▸ **DATA PROVIDED**
****
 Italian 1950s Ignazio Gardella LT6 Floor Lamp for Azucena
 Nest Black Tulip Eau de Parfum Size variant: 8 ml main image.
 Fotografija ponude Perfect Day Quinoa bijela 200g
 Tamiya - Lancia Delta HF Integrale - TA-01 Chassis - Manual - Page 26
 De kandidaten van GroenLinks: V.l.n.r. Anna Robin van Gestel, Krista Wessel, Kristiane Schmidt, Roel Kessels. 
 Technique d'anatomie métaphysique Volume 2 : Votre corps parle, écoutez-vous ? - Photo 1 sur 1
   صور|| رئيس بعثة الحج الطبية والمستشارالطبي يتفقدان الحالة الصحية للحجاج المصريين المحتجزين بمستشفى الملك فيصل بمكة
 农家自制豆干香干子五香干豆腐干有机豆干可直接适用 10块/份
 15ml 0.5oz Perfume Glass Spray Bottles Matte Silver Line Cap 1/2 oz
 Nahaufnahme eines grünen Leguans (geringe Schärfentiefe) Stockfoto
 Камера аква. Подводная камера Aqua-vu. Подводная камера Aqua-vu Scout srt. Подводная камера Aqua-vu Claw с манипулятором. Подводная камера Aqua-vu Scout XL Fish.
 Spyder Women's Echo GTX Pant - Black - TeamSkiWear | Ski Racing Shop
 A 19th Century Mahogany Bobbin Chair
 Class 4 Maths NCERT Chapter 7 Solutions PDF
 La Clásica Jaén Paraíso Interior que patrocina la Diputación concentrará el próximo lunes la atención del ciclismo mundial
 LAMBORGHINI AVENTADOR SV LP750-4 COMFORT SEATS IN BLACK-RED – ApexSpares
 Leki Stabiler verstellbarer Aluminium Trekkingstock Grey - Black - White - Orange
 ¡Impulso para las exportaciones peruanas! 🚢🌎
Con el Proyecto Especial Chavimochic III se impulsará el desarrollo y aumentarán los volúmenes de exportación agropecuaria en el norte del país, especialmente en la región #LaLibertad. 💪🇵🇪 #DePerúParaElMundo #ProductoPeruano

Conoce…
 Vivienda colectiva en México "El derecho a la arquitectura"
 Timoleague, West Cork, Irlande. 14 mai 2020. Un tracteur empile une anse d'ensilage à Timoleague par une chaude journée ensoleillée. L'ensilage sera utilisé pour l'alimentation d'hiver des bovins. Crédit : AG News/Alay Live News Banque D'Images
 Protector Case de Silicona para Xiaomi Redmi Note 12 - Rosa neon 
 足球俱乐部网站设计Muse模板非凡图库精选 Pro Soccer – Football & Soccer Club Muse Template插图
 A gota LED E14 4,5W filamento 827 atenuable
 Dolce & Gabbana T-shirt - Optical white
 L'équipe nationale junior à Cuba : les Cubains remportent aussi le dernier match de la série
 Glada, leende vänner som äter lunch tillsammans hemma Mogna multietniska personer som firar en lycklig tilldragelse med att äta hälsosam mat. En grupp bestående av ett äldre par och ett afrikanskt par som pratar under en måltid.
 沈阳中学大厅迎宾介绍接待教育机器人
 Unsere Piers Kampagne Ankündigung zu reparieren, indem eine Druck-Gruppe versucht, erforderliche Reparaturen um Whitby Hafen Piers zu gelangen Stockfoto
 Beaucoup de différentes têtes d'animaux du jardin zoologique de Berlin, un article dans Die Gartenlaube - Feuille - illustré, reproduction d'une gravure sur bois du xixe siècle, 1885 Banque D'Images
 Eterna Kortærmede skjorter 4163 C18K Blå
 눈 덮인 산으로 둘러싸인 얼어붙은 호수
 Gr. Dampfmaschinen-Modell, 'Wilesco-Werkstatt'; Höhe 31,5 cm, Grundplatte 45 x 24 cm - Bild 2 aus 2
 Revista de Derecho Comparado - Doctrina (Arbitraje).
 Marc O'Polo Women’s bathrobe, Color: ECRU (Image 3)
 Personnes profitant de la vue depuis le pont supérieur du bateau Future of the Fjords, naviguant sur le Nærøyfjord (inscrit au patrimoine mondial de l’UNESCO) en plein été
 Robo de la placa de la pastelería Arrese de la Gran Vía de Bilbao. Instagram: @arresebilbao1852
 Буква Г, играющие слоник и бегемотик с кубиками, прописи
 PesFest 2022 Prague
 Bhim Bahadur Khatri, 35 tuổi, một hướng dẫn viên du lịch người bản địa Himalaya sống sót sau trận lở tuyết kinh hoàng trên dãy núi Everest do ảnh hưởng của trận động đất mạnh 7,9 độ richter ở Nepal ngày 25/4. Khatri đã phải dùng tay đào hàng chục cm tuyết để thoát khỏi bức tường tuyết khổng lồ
****
▸ **WORK INSTRUCTIONS**
Your task is to write out the lines from the one with "Revista de Derecho" through the end of the records, exactly and with nothing added.

▸ **SOLVED EXERCISE**
 Revista de Derecho Comparado - Doctrina (Arbitraje).
 Marc O'Polo Women’s bathrobe, Color: ECRU (Image 3)
 Personnes profitant de la vue depuis le pont supérieur du bateau Future of the Fjords, naviguant sur le Nærøyfjord (inscrit au patrimoine mondial de l’UNESCO) en plein été
 Robo de la placa de la pastelería Arrese de la Gran Vía de Bilbao. Instagram: @arresebilbao1852
 Буква Г, играющие слоник и бегемотик с кубиками, прописи
 PesFest 2022 Prague
 Bhim Bahadur Khatri, 35 tuổi, một hướng dẫn viên du lịch người bản địa Himalaya sống sót sau trận lở tuyết kinh hoàng trên dãy núi Everest do ảnh hưởng của trận động đất mạnh 7,9 độ richter ở Nepal ngày 25/4. Khatri đã phải dùng tay đào hàng chục cm tuyết để thoát khỏi bức tường tuyết khổng lồ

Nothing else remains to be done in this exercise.